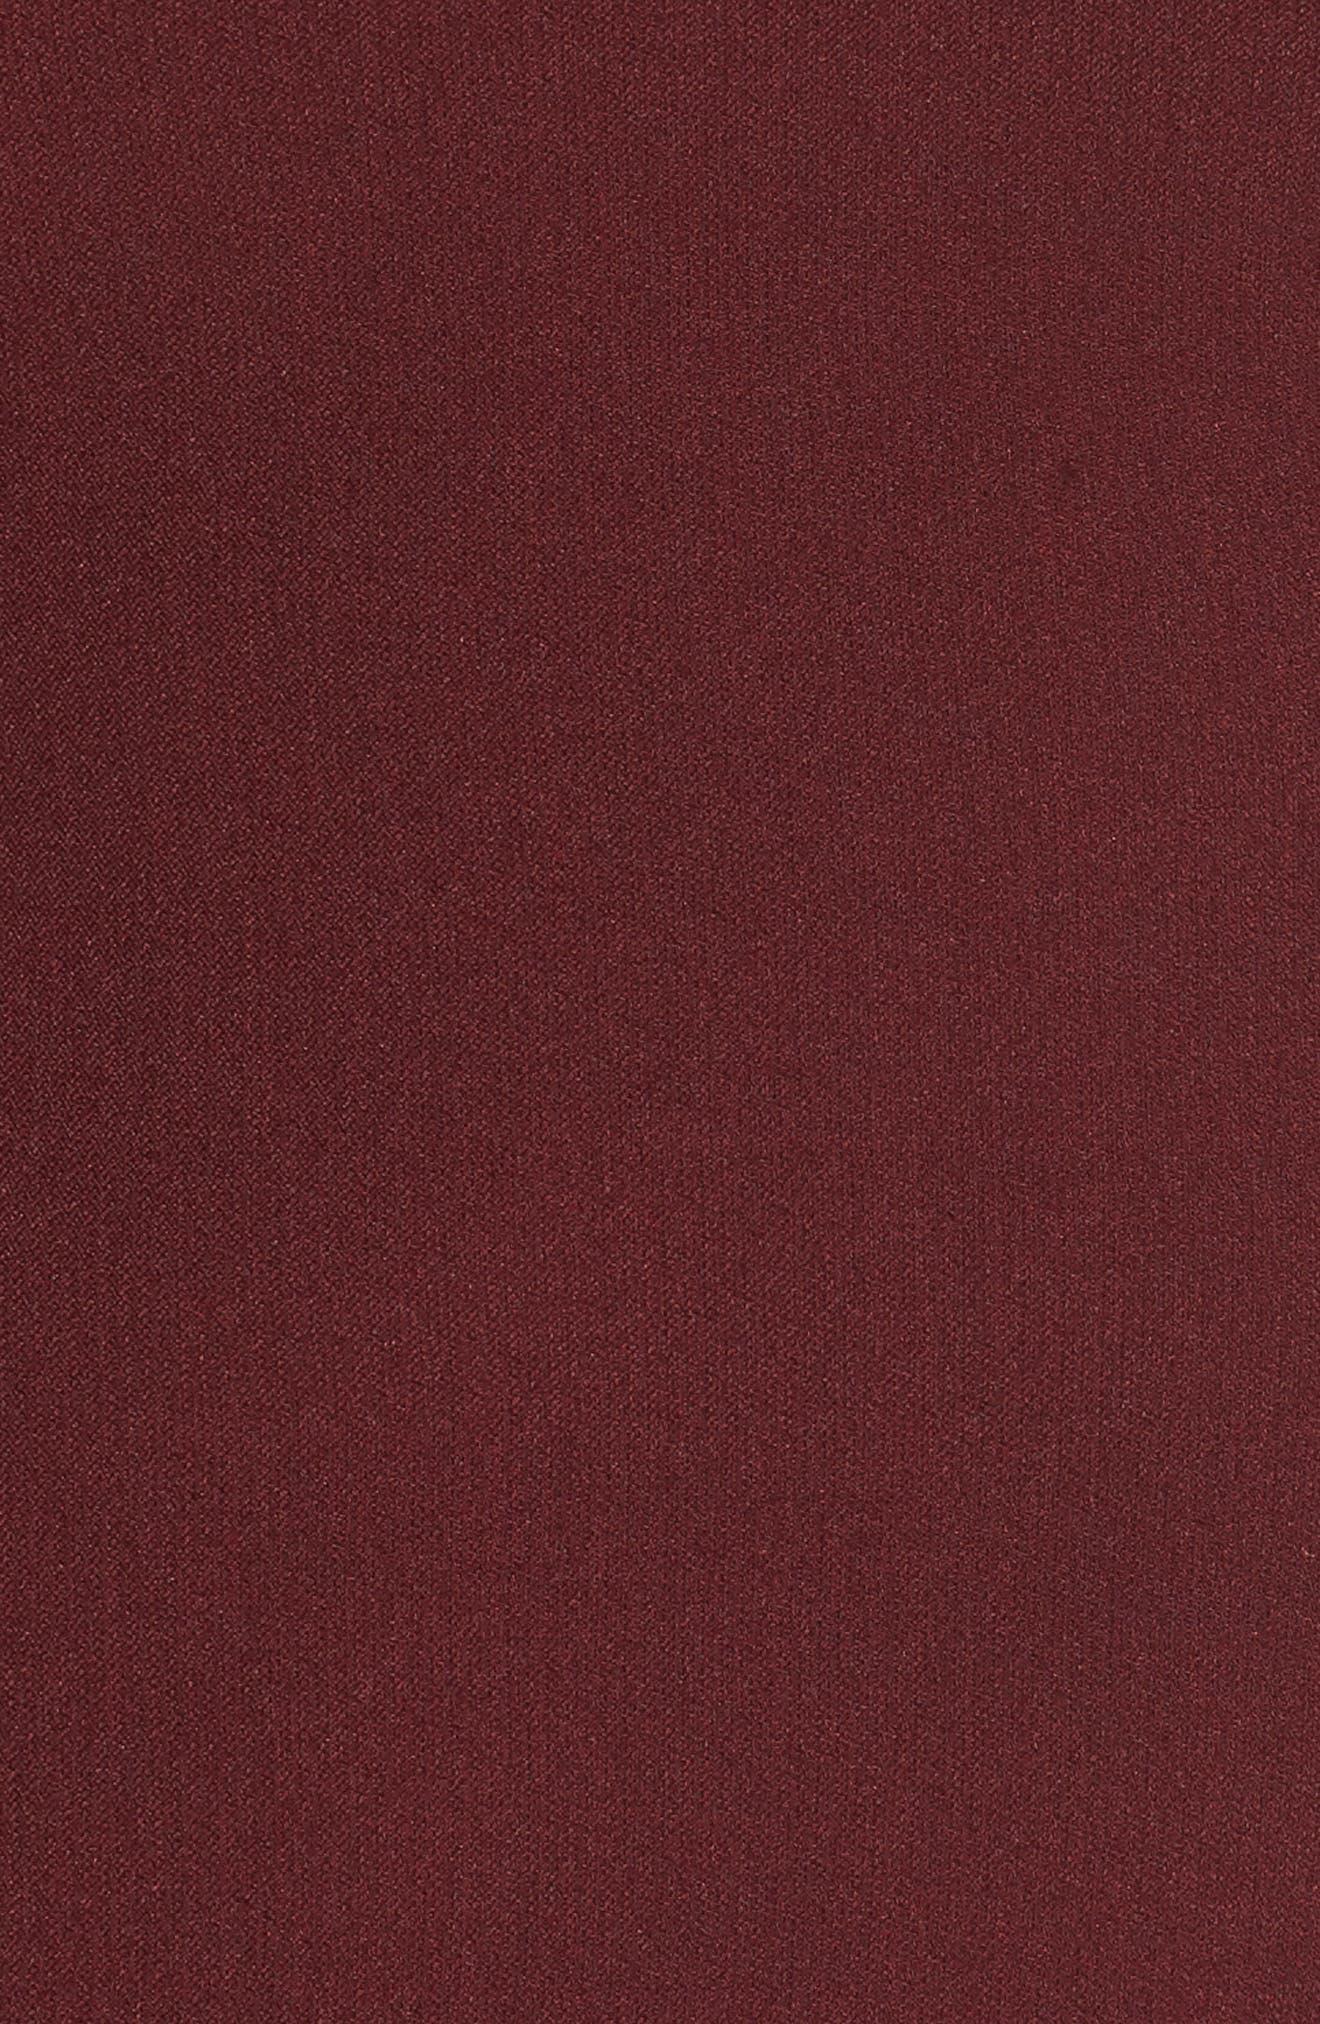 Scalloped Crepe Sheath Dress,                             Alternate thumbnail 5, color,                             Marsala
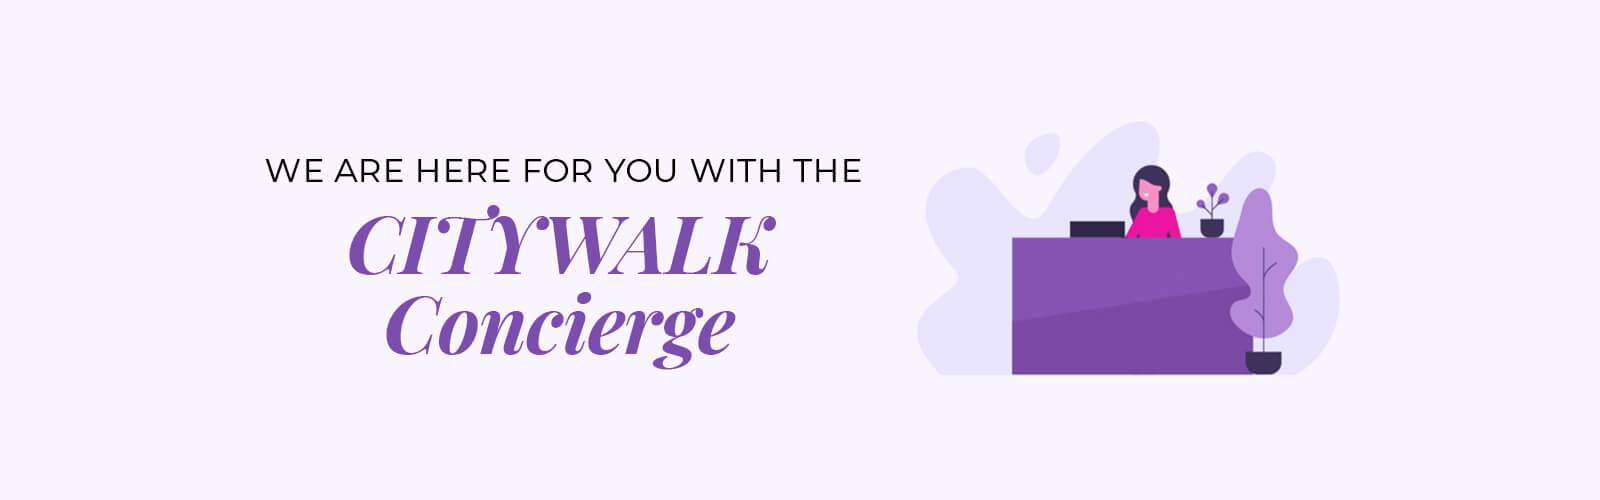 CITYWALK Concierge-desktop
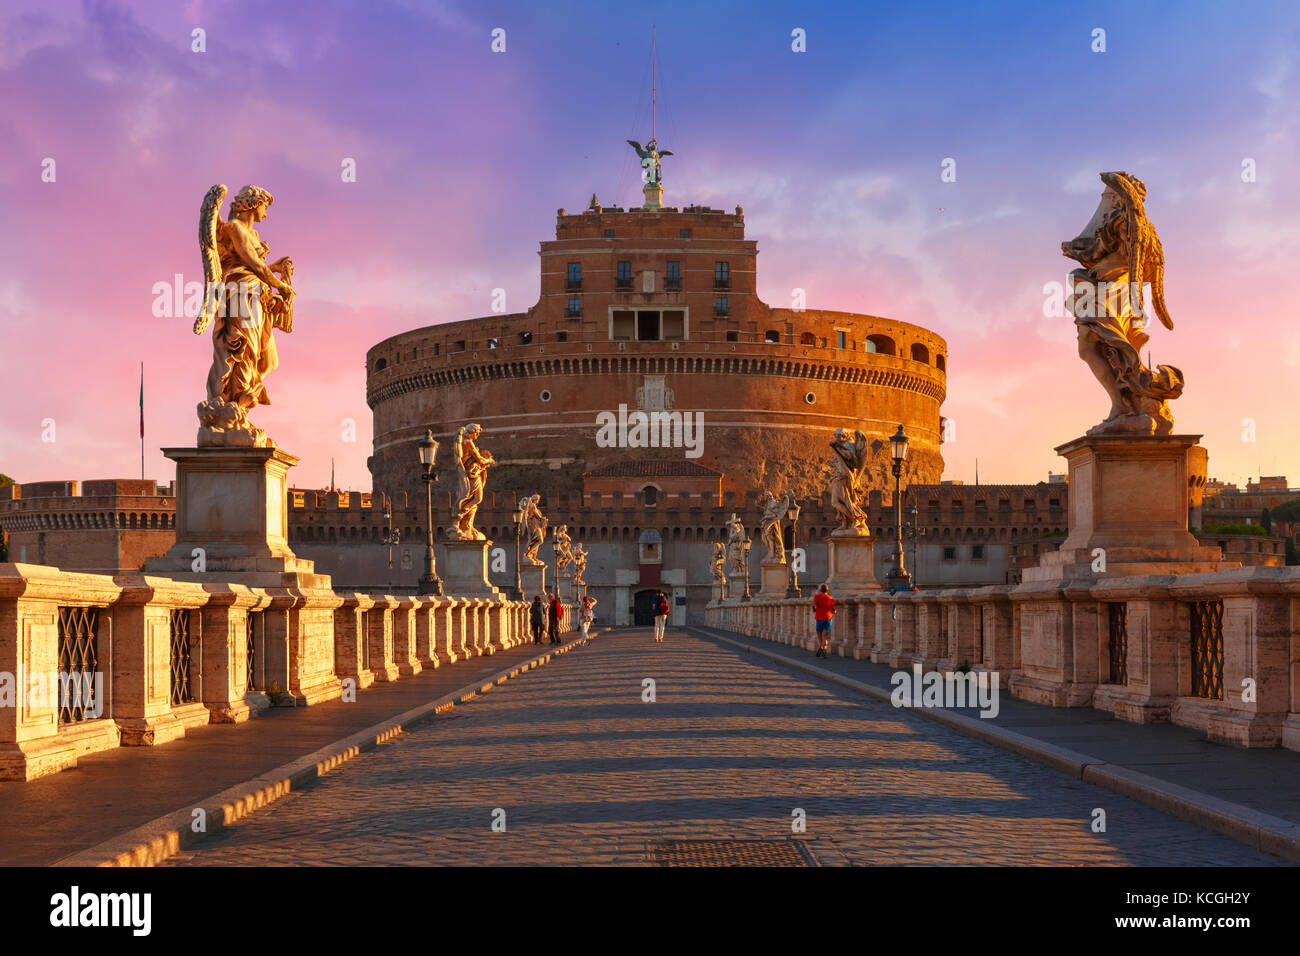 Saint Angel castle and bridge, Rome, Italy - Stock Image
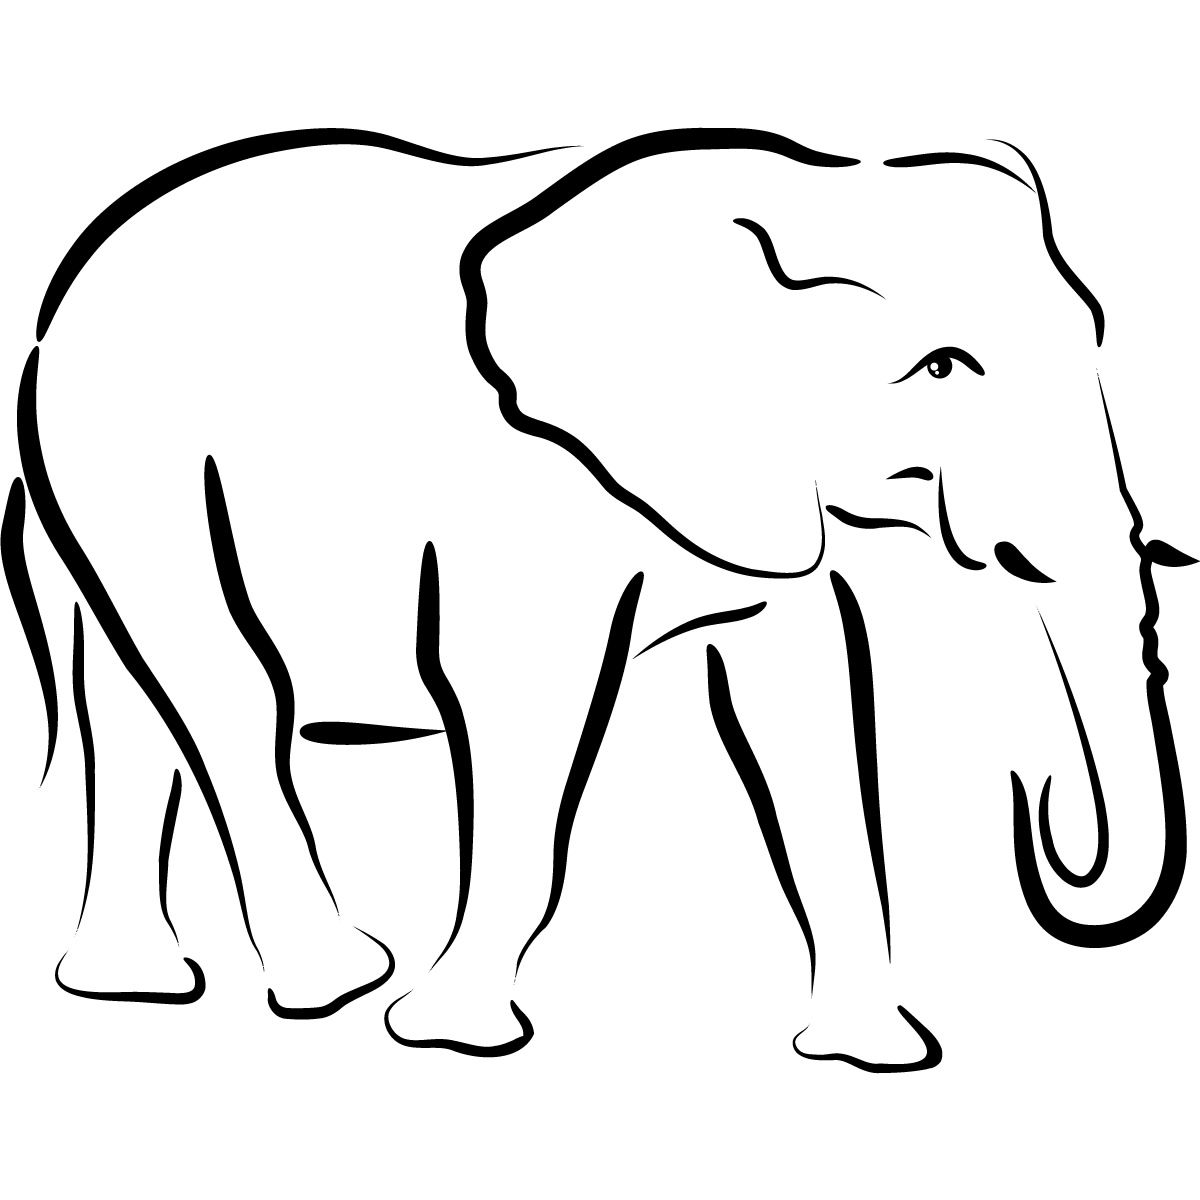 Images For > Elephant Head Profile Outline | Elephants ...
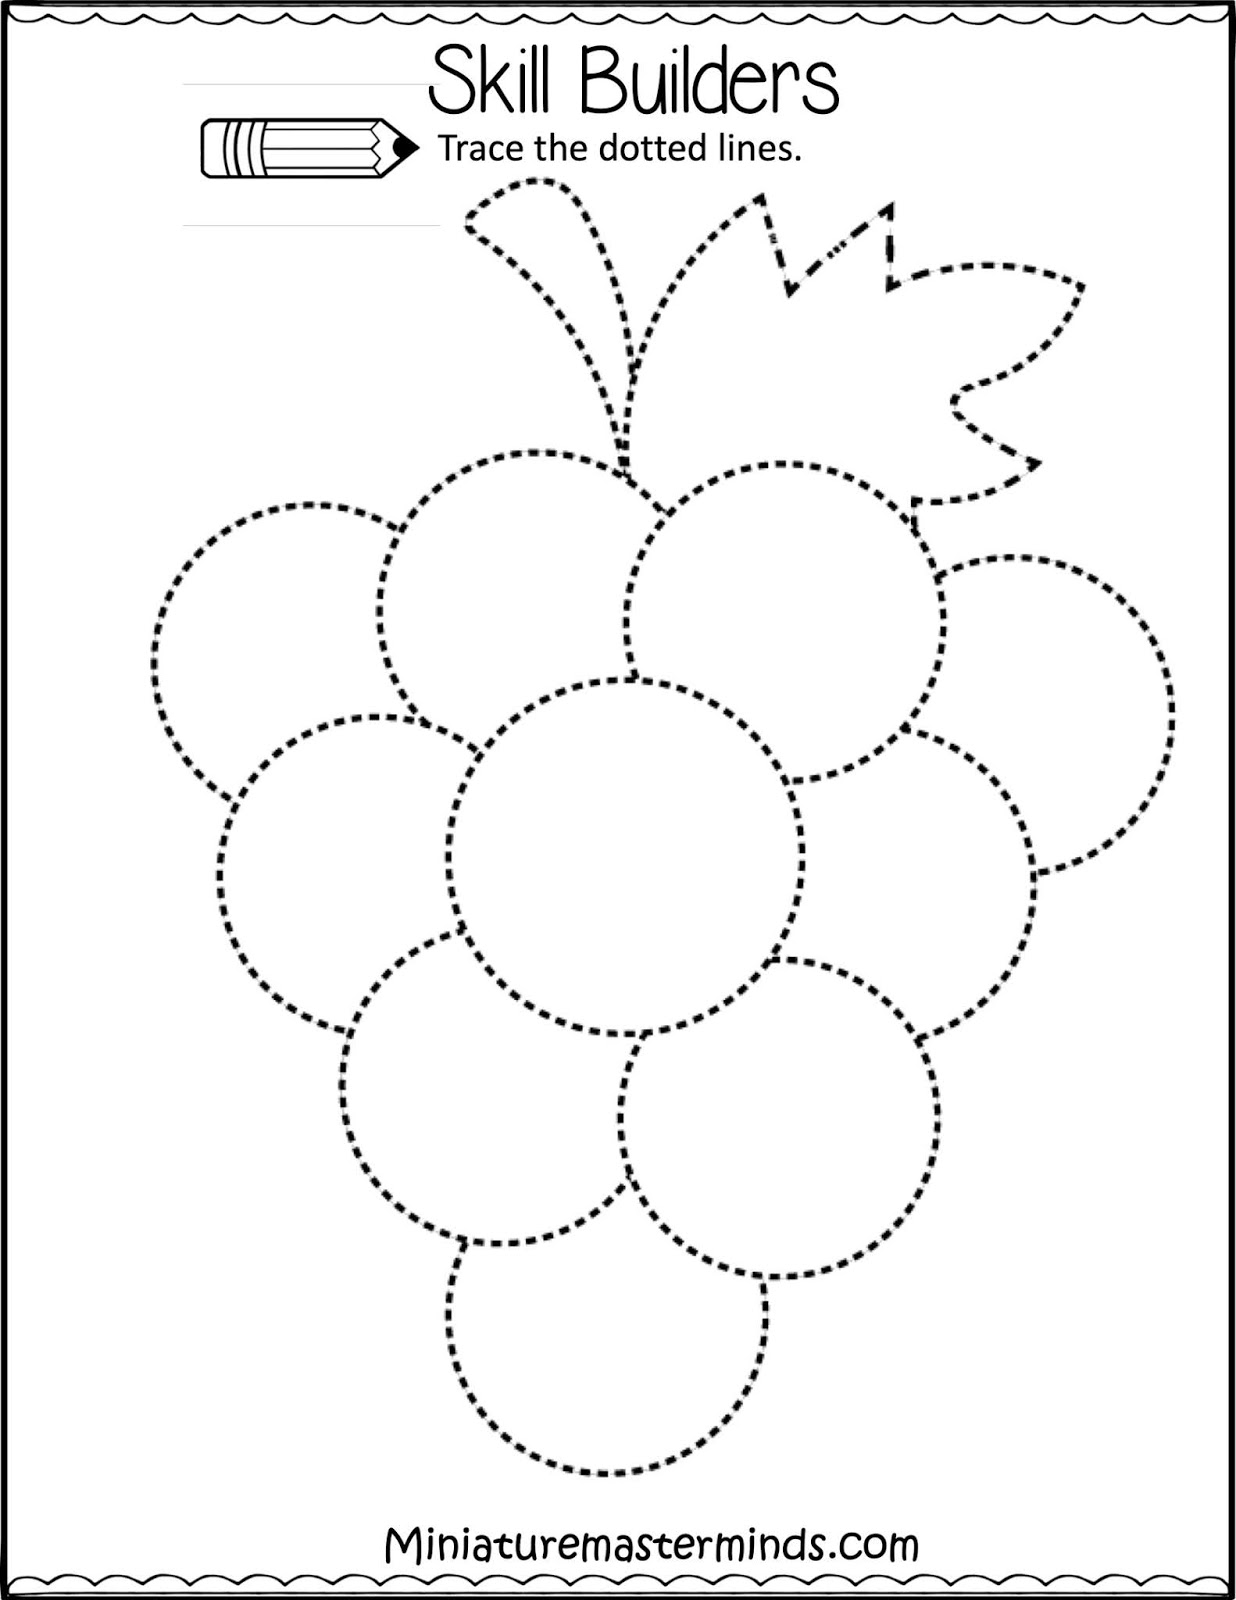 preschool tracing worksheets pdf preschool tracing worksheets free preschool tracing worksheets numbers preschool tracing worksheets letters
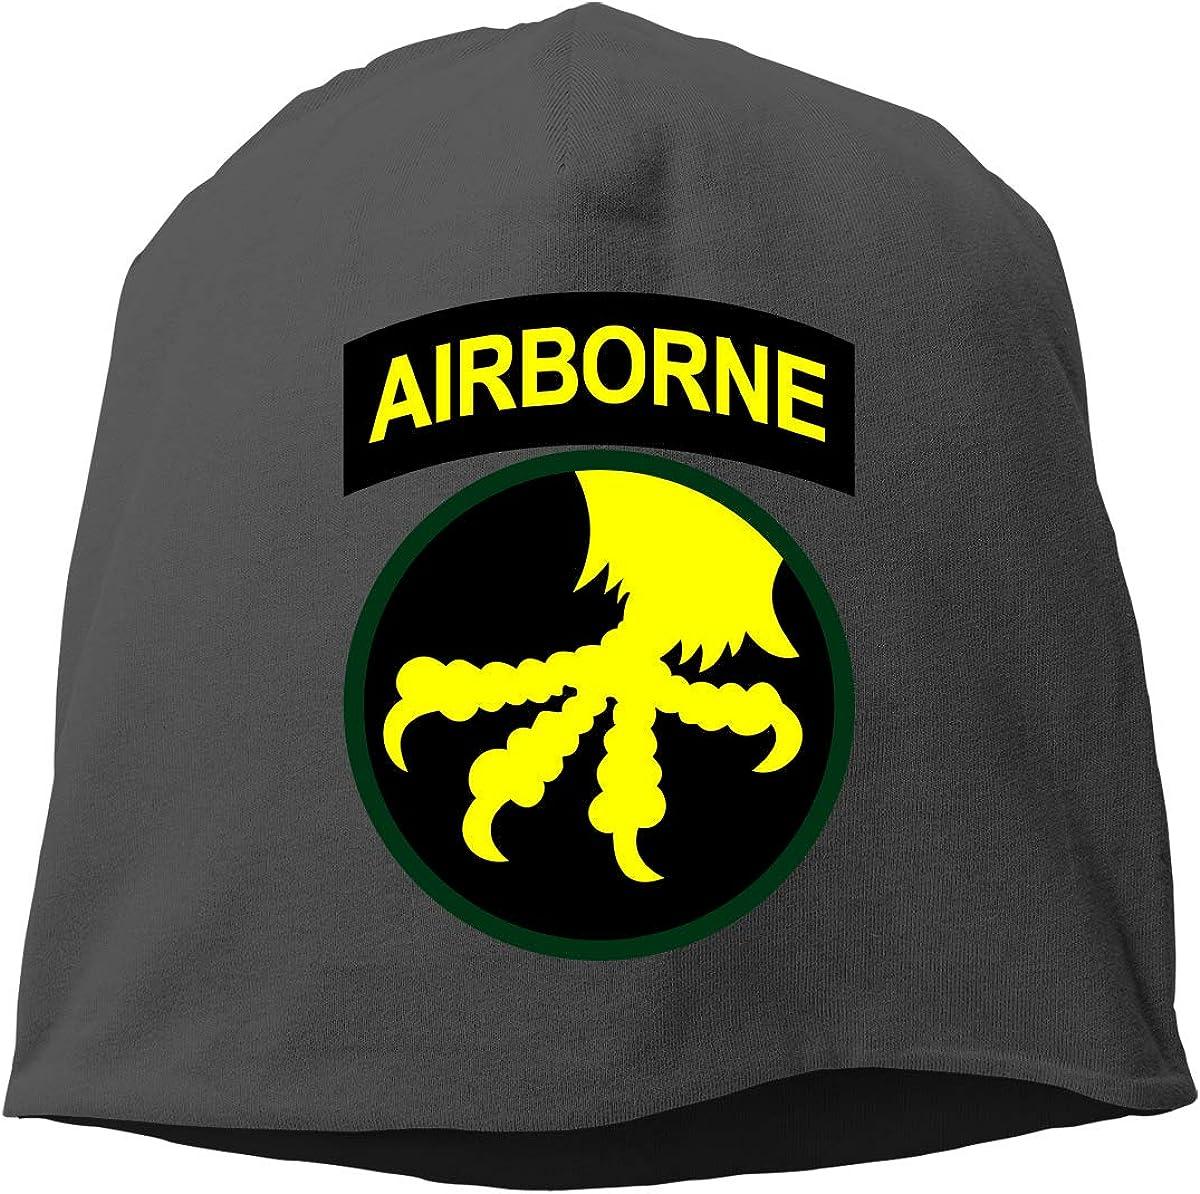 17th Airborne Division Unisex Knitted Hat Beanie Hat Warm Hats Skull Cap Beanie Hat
------------------------------------------------------------
Problem requirements:
In the listing above, find the line containing "CITYWALK Concierge-desktop" and the line containing "preschool tracing worksheets pdf", then output those two lines and everything between them exactly as written, without the images.

Solution for this task:
 CITYWALK Concierge-desktop
 Saint Angel castle and bridge, Rome, Italy - Stock Image
 Images For > Elephant Head Profile Outline | Elephants ...
 preschool tracing worksheets pdf preschool tracing worksheets free preschool tracing worksheets numbers preschool tracing worksheets letters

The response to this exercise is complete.